Clement Cottrell
In the south aisle of the Nave of Westminster Abbey is a monument to two friends, Charles Harbord and Clement Cottrell (or Cotterell). They both died on 28th May 1672 in a naval engagement against the Dutch fleet in Southwold Bay, Suffolk, and are buried at sea. The monument was erected by Harbord's father. The part of the inscription concerning Clement reads (in standardised English):
Clement Cottrell Esqr. eldest son of Sir Charles Cottrell, Knight, Master of the Ceremonies, and his assistant to have succeeded in that office, for which he was very fit, having a tall handsome person, a graceful winning behaviour, and great natural parts, much improved by study and by converse in most courts of Europe, where firm to the Church of England, he learned not their vices but customs and languages, understanding seven and speaking four of them as his own though but XXII years old; yet not content to serve his King and country at home only, his excess of courage, incited by a deep sense of honour, could not be kept from going Volunteer with the Earl of Sandwich with whom he had been in Spain when his Excellency was there [as] Ambassador Extraordinary, and with whom (after having returned unwounded into his ship, from being the first man that had boarded a Dutch one of LX guns and pulled down the ensign of it with his own hand) he also perished, universally lamented.

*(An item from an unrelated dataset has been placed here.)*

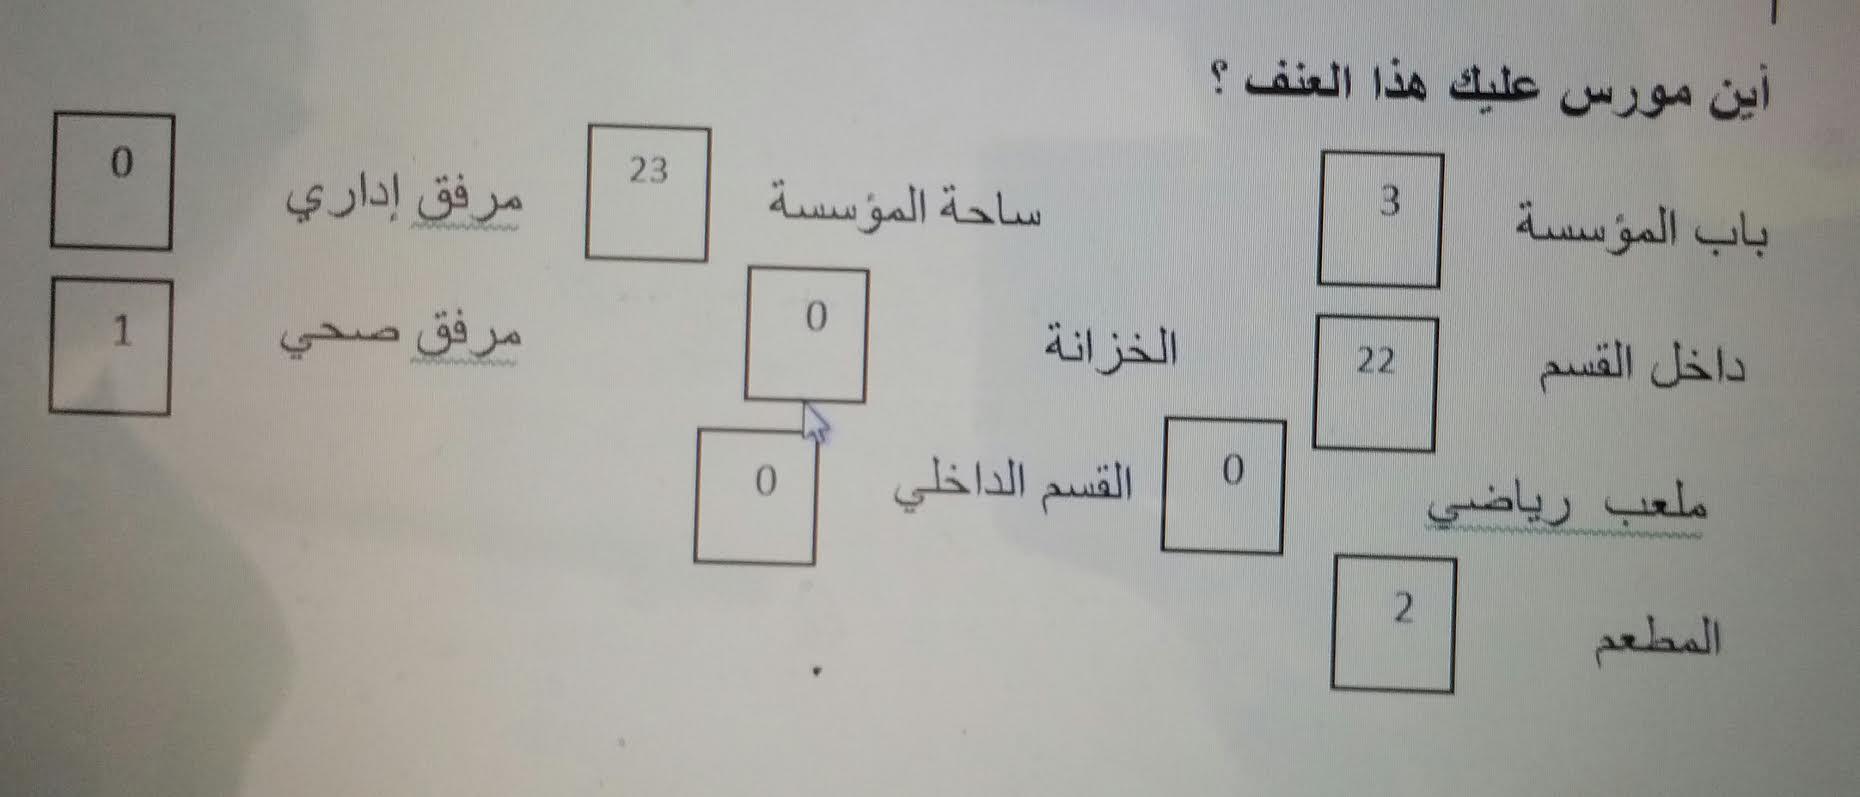 03cbc0e2-afa3-4eee-b3f2-dc03d767cf32

Their ship was the "Royal James" and a bas-relief on the monument depicts the last moments of the battle. The carved arms of Cottrell also appear (a bend between three escallops (or shells), a label of three points for difference). The family arms had been granted to Clement's grandfather, Sir Clement Cottrell of the county of Lincolnshire, who was a groom-porter to King James I. His father, Sir Charles (1615-1701), was Master of the Ceremonies to the Crown and a Member of Parliament who lived in Westminster. Clement was unmarried and his brother Sir Charles Lodowick Cottrell (d.1710) succeeded to his father's office.